You can set the delegate to reject new tasks if x% of memory is being consumed. You can then spin up new delegates when resources are above the threshold. For more information, go to Configure delegate resource threshold.

Configure Harness Delegate autoscaling using replicas for Helm chart deployments

To access the default Helm chart for the values.yaml file, go to Harness Delegate Helm chart.

note

You can also update the Harness Delegate YAML file in addition to the Helm chart.

To auto scale the delegate, do the following:

In your values.yaml file, go to autoscaling parameters.

autoscaling:
  enabled: false
  minReplicas: 1
  maxReplicas: 10
  targetCPUUtilizationPercentage: 80
  # targetMemoryUtilizationPercentage: 80

Set enabled to true.
Specify the minimum and maximum number of replicas you want to use in the minReplicas and maxReplicas parameters.

To fine-tune your autoscaling, you can set the targetCPUUtilizationPercentage to add a new replica if CPU utilization exceeds this percentage.
(Optional) Set the targetMemoryUtilizationPercentage to add a new replica if memory utilization exceeds this percentage.
Save the file, and restart your pods.

When you create a deployment, Harness automatically spins up new replicas of your delegate as needed to ensure the deployment is completed.

Configure Harness Delegate autoscaling using replicas for Kubernetes 1.23 and later

The HPA configuration setting is included in the default Kubernetes delegate YAML file. Harness updated the default HPA in the Harness Delegate YAML versions 24.02.82302 and later to use autoscaling/v2 instead of autoscaling/v1, which was used in earlier delegate versions.

Since autoscaling/v2 has been GA with Kubernetes 1.23 and higher, if you have a Kubernetes version lower than 1.23 and a delegate version 24.02.82302 or later, you must manually change the apiVersion in the HorizontalPodAutoscaler section of your delegate YAML to autoscaling/v1. For more information, go to Configure Harness Delegate autoscaling using replicas for Kubernetes versions lower than 1.23.

To auto scale the delegate for Kubernetes 1.23 and higher, do the following:

In your harness-delegate.yml file, go to autoscaling parameters.

Specify the minimum and maximum number of replicas you want to use in the minReplicas and maxReplicas parameters.

To fine-tune your autoscaling, you can set the cpu averageUtilization to add a new replica if CPU and/or memory utilization exceeds this percentage.

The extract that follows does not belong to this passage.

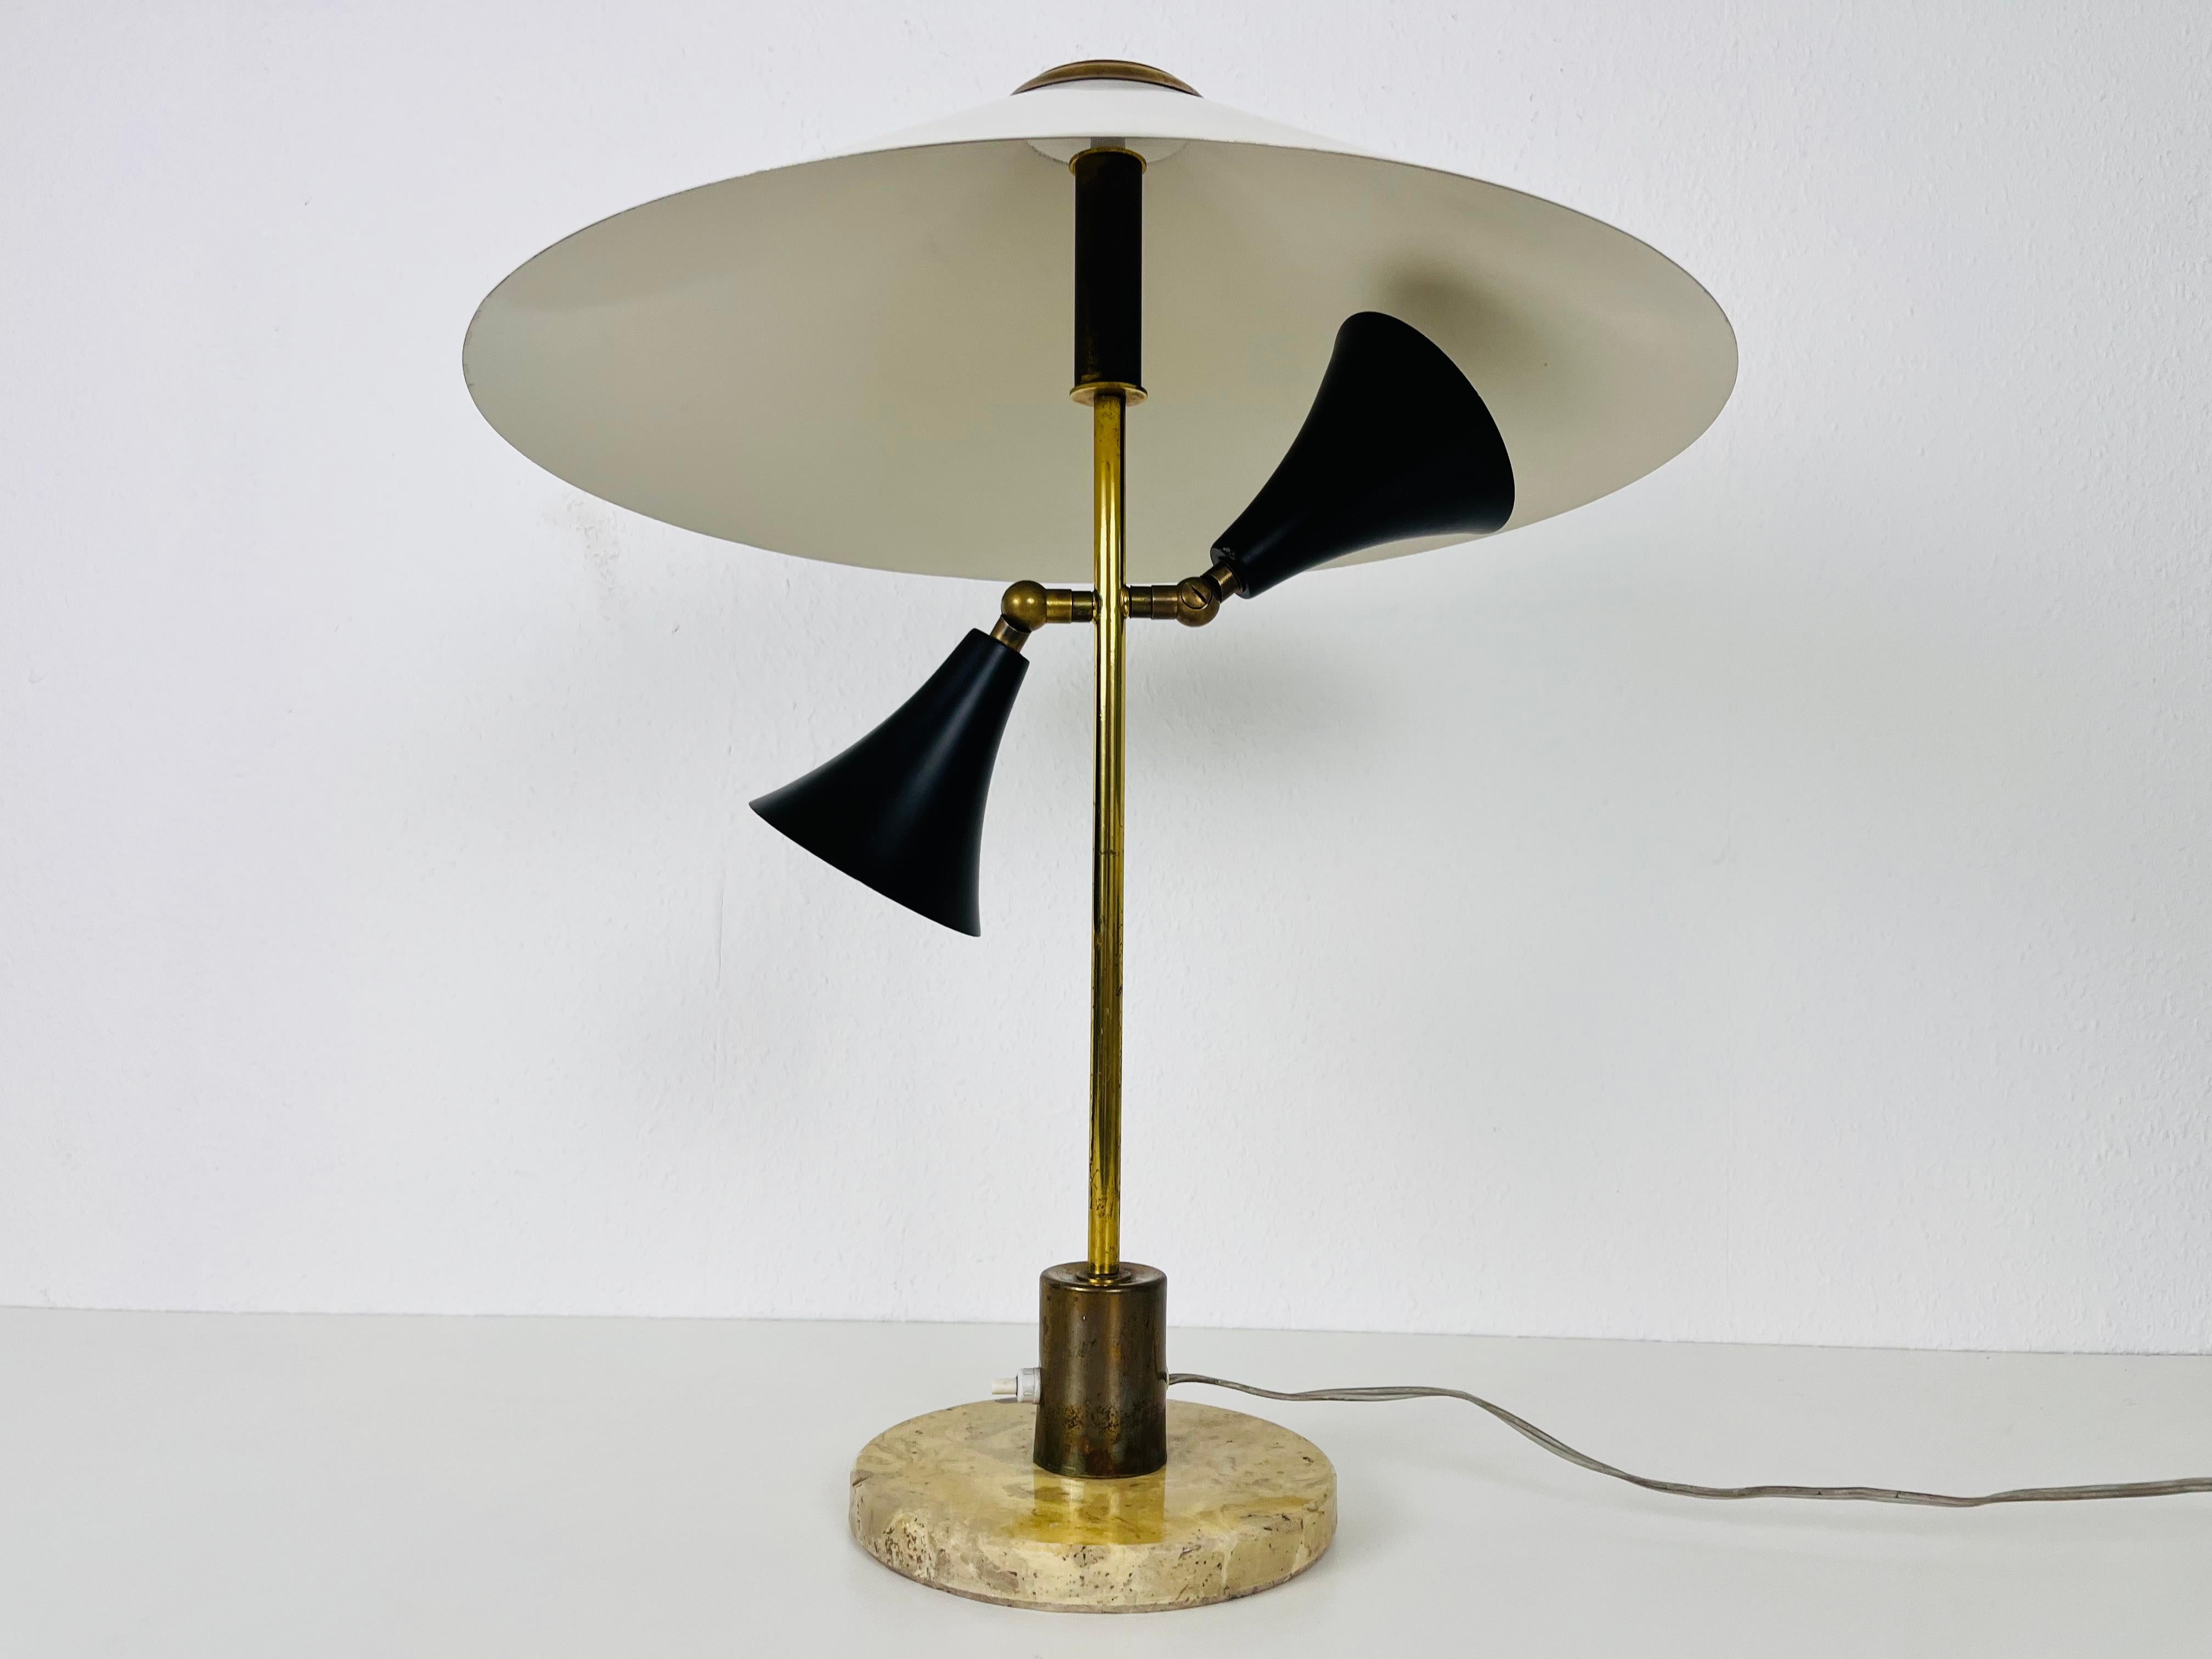 An Italian table lamp made in the 1960s. The lighting has an exceptional design which is similar to the table lamps made by Stilnovo. It is made of brass with a beautiful metal element. The base is made of solid marble.

The light requires one E27

Below is an example of autoscaling the delegate if the CPU usage of delegates goes above 70% (the default YAML setting).

---

apiVersion: autoscaling/v2
kind: HorizontalPodAutoscaler
metadata:
  name: kubernetes-delegate-hpa
  namespace: harness-delegate-ng
  labels:
      harness.io/name: kubernetes-delegate
spec:
 scaleTargetRef:
   apiVersion: apps/v1
   kind: Deployment
   name: kubernetes-delegate
 minReplicas: 1
 maxReplicas: 1
 metrics:
 - type: Resource
   resource:
     name: cpu
     target:
       type: Utilization
       averageUtilization: 70
 - type: Resource
   resource:
     name: memory
     target:
       type: Utilization
       averageUtilization: 70

---

(Optional) Set the memory averageUtilizationto add a new replica if memory utilization exceeds this percentage.
Save the file, and restart your pods.

When you create a deployment, Harness automatically spins up new replicas of your delegate as needed to ensure the deployment is completed.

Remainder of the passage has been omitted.